On 21 July 1992, the armed conflict in Transnistria came to an end. A Russian peacekeeping mission was introduced to this self-declared republic on the east bank of the Dniester river, internationally recognised as Moldovan territory. After a quarter of a century, Chișinău and Tiraspol still haven’t agreed on a final settlement to the conflict. Nevertheless, both Moldova and breakaway Transnistria often interact with each other as though they were still one state.
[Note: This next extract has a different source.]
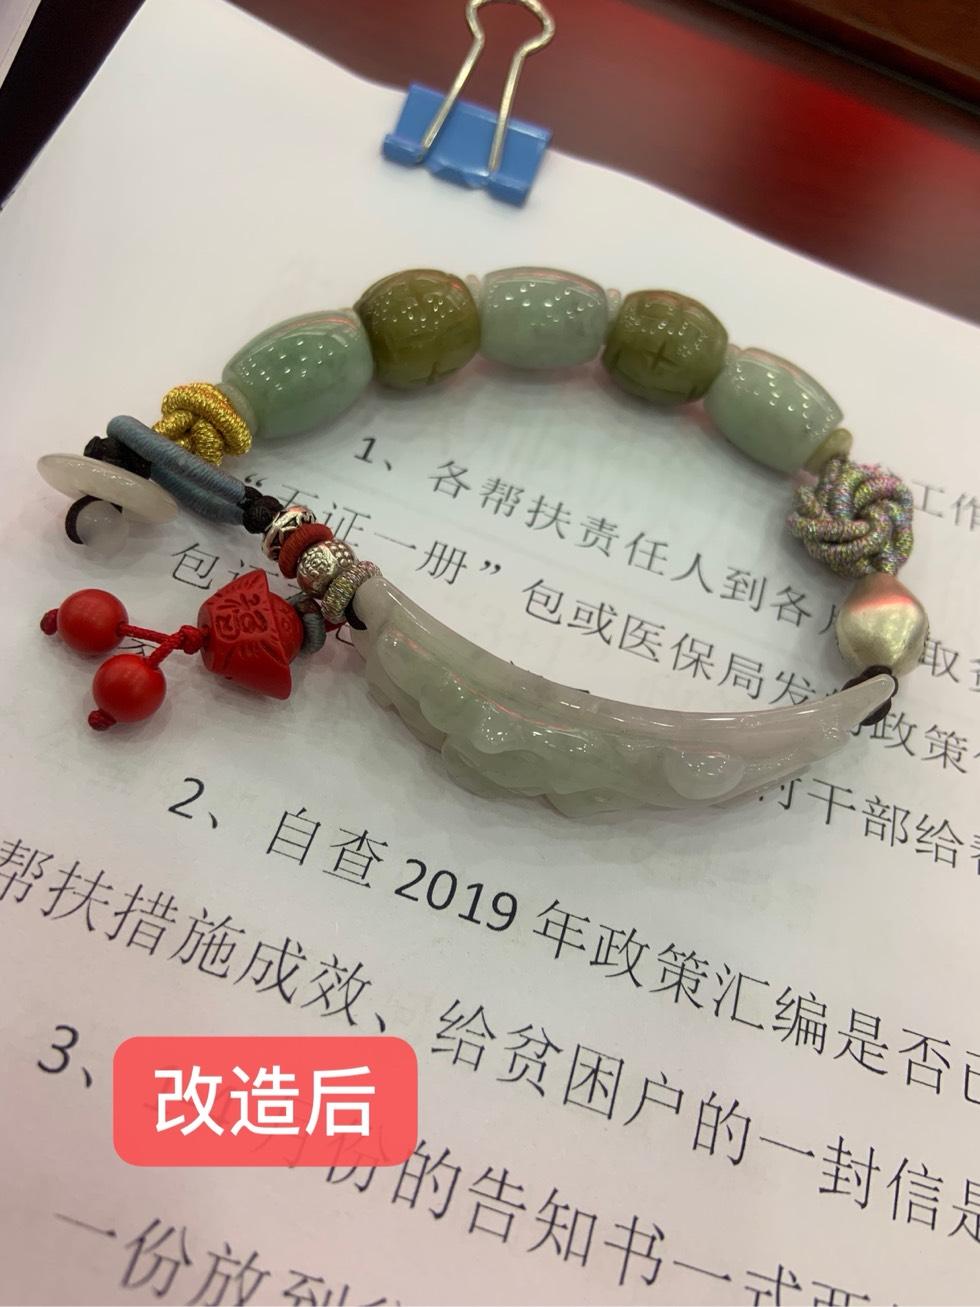 中国结论坛 改造手牌吊坠  作品展示 224017wrwhjhhxhhhhzr6x

Moldova Map and FlagThe war along the Dniester river, the bloodiest moment of which occurred in June 1992, ended with the signing of the “Agreement on the principles of a peaceful settlement of the armed conflict in the Transnistrian region.” The agreement was signed by the then presidents of Moldova and Russia, Mircea Snegur and Boris Yeltsin, in the presence of Transnistrian leader Igor Smirnov.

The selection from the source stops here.